WORK INSTRUCTIONS: Nothing below is to be printed except the lines between the line holding "все картинки одного" and the line holding "18 - PTC ambito", inclusive, each exactly as it appears.

PROVIDED DATA:
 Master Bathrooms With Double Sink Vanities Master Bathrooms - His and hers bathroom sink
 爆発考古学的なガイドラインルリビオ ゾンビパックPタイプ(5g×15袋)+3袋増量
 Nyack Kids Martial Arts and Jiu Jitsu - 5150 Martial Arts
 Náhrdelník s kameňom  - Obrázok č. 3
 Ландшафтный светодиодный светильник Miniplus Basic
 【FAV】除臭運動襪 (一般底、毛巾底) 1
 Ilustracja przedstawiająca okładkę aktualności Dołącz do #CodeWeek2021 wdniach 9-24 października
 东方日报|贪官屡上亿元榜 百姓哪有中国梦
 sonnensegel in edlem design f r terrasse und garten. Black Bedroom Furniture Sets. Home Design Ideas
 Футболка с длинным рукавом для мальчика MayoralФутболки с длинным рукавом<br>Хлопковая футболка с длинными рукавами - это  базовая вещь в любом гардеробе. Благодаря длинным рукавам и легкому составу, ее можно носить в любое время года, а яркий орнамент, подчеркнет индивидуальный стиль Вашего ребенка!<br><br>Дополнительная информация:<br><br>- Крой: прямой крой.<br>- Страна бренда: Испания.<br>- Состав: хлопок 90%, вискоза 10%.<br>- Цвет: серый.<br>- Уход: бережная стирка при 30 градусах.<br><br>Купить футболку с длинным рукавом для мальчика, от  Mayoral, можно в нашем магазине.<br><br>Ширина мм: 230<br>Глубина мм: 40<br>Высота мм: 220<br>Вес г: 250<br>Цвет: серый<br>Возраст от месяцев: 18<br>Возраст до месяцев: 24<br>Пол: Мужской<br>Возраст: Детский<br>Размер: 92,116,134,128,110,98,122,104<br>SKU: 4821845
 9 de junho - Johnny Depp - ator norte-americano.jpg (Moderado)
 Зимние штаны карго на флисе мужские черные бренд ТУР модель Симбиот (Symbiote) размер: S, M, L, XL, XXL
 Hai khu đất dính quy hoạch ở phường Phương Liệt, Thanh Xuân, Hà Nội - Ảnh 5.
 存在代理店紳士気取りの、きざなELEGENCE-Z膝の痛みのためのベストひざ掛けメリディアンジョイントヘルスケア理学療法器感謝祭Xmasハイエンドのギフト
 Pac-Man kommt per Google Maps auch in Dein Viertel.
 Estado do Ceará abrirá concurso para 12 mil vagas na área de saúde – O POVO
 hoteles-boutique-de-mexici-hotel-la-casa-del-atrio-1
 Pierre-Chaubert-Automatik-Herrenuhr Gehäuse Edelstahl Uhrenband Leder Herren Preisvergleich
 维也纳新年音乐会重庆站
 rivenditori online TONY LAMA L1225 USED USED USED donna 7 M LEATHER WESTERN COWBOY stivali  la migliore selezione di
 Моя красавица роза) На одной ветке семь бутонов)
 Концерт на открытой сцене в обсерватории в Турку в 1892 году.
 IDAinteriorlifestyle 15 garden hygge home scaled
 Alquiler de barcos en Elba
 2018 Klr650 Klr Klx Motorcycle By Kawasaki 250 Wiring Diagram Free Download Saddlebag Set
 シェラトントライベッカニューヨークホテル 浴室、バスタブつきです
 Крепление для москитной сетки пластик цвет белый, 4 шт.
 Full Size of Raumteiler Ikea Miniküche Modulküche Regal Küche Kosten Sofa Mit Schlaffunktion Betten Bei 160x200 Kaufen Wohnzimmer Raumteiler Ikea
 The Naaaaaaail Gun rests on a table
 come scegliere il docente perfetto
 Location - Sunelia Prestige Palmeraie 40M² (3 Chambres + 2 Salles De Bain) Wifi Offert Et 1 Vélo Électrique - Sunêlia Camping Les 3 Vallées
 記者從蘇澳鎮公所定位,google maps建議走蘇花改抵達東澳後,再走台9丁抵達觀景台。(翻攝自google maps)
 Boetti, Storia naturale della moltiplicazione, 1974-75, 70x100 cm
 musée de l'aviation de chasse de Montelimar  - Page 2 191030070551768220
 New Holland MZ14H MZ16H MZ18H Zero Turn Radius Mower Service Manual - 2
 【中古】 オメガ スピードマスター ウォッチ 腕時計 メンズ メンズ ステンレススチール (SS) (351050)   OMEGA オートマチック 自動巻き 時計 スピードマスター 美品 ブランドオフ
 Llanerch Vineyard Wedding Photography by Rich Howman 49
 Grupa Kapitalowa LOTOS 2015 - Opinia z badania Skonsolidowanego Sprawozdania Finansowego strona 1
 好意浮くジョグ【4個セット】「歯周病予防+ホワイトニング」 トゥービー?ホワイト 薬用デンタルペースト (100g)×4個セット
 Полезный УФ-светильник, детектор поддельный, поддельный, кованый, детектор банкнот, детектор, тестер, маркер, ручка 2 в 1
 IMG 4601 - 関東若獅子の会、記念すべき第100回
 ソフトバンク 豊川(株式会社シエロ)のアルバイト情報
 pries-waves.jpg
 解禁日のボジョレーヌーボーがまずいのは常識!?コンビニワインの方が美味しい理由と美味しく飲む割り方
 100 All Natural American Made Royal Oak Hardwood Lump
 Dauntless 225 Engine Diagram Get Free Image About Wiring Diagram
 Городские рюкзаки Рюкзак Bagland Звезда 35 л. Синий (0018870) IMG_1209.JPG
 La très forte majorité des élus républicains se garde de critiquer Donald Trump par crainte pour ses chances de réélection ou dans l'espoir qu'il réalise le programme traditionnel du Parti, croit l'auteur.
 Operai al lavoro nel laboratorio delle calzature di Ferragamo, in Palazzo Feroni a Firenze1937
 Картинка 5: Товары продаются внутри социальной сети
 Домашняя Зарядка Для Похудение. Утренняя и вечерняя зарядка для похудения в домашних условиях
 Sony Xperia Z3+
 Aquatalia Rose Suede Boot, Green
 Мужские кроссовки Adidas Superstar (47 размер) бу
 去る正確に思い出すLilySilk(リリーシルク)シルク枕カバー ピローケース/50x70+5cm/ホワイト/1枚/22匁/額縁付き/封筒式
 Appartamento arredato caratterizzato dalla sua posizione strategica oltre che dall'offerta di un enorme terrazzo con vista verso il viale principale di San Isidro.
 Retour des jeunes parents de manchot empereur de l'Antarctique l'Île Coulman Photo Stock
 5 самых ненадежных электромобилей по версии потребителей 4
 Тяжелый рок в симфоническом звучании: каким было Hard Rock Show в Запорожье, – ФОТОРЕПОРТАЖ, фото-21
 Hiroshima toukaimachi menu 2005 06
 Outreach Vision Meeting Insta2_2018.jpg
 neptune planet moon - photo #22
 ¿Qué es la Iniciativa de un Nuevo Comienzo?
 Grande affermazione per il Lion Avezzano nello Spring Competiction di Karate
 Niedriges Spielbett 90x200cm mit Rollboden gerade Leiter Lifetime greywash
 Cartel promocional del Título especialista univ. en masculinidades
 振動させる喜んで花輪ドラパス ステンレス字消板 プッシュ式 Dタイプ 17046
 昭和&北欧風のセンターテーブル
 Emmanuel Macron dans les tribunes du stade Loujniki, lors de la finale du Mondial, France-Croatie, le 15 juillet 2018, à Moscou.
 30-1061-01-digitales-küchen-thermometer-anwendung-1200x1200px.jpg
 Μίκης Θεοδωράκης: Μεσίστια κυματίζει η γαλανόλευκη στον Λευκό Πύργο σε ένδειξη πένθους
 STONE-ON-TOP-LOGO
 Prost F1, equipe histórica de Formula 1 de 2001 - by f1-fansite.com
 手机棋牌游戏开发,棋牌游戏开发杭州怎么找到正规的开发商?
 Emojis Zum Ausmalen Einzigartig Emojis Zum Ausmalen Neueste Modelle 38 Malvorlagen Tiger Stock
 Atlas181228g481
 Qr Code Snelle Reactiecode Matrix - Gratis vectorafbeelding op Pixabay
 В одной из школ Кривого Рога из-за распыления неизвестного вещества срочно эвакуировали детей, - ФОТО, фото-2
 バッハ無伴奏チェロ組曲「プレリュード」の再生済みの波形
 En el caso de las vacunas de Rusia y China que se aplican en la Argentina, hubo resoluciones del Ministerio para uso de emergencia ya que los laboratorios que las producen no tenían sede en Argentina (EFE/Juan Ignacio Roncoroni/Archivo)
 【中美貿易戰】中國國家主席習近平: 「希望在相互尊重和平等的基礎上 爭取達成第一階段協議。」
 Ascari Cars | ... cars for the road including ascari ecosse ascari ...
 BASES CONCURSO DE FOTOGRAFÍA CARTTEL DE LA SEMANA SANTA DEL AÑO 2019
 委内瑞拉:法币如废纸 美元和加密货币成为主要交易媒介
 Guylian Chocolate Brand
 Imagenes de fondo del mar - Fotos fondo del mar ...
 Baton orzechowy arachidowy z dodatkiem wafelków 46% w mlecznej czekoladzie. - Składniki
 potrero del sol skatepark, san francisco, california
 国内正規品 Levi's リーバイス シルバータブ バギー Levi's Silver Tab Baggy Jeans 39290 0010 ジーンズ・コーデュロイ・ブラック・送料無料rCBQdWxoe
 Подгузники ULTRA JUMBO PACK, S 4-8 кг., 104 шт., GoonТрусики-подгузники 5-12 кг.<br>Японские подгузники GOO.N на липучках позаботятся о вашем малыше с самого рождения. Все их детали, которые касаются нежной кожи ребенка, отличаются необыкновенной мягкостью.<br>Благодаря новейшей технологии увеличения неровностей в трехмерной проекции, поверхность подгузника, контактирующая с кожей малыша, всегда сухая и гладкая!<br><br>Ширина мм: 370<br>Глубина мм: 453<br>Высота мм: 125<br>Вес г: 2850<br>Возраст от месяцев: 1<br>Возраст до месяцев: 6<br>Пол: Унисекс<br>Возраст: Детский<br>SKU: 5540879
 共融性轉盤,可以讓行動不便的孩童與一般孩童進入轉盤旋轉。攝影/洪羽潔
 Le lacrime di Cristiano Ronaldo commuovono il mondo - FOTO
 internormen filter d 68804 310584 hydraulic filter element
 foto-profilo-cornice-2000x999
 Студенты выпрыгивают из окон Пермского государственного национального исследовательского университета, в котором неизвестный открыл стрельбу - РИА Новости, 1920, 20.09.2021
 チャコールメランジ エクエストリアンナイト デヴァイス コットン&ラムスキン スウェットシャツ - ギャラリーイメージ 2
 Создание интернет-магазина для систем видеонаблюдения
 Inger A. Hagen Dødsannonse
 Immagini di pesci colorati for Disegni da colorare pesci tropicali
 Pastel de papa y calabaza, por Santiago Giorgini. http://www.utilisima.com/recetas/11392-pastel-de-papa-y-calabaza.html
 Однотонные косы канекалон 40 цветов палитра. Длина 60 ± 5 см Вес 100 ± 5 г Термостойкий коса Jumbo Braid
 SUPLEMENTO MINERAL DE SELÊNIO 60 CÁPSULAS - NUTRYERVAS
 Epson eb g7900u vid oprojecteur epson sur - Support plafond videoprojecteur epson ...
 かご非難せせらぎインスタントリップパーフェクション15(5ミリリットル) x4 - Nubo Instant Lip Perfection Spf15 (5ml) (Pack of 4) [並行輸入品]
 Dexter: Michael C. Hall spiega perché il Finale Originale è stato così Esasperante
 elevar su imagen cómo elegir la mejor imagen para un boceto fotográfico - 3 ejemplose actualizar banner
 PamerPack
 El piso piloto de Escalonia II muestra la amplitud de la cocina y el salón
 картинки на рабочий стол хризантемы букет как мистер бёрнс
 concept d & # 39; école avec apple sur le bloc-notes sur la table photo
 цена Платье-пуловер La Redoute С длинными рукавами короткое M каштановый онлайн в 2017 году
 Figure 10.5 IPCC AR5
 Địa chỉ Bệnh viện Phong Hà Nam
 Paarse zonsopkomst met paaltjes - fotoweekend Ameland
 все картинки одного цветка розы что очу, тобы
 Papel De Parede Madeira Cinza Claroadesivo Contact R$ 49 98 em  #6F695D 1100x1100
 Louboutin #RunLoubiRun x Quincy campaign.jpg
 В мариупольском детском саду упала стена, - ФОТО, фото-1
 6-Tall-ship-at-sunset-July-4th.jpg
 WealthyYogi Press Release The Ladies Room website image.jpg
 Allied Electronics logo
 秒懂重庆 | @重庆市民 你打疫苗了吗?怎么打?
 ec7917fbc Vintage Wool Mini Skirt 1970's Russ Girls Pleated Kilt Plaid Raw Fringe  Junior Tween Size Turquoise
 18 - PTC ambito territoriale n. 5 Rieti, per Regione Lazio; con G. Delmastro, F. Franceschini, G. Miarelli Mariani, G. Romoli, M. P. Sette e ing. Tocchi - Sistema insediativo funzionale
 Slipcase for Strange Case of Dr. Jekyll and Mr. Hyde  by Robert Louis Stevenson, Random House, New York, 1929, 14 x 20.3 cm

SOLUTION TO THIS TASK:
 все картинки одного цветка розы что очу, тобы
 Papel De Parede Madeira Cinza Claroadesivo Contact R$ 49 98 em  #6F695D 1100x1100
 Louboutin #RunLoubiRun x Quincy campaign.jpg
 В мариупольском детском саду упала стена, - ФОТО, фото-1
 6-Tall-ship-at-sunset-July-4th.jpg
 WealthyYogi Press Release The Ladies Room website image.jpg
 Allied Electronics logo
 秒懂重庆 | @重庆市民 你打疫苗了吗?怎么打?
 ec7917fbc Vintage Wool Mini Skirt 1970's Russ Girls Pleated Kilt Plaid Raw Fringe  Junior Tween Size Turquoise
 18 - PTC ambito territoriale n. 5 Rieti, per Regione Lazio; con G. Delmastro, F. Franceschini, G. Miarelli Mariani, G. Romoli, M. P. Sette e ing. Tocchi - Sistema insediativo funzionale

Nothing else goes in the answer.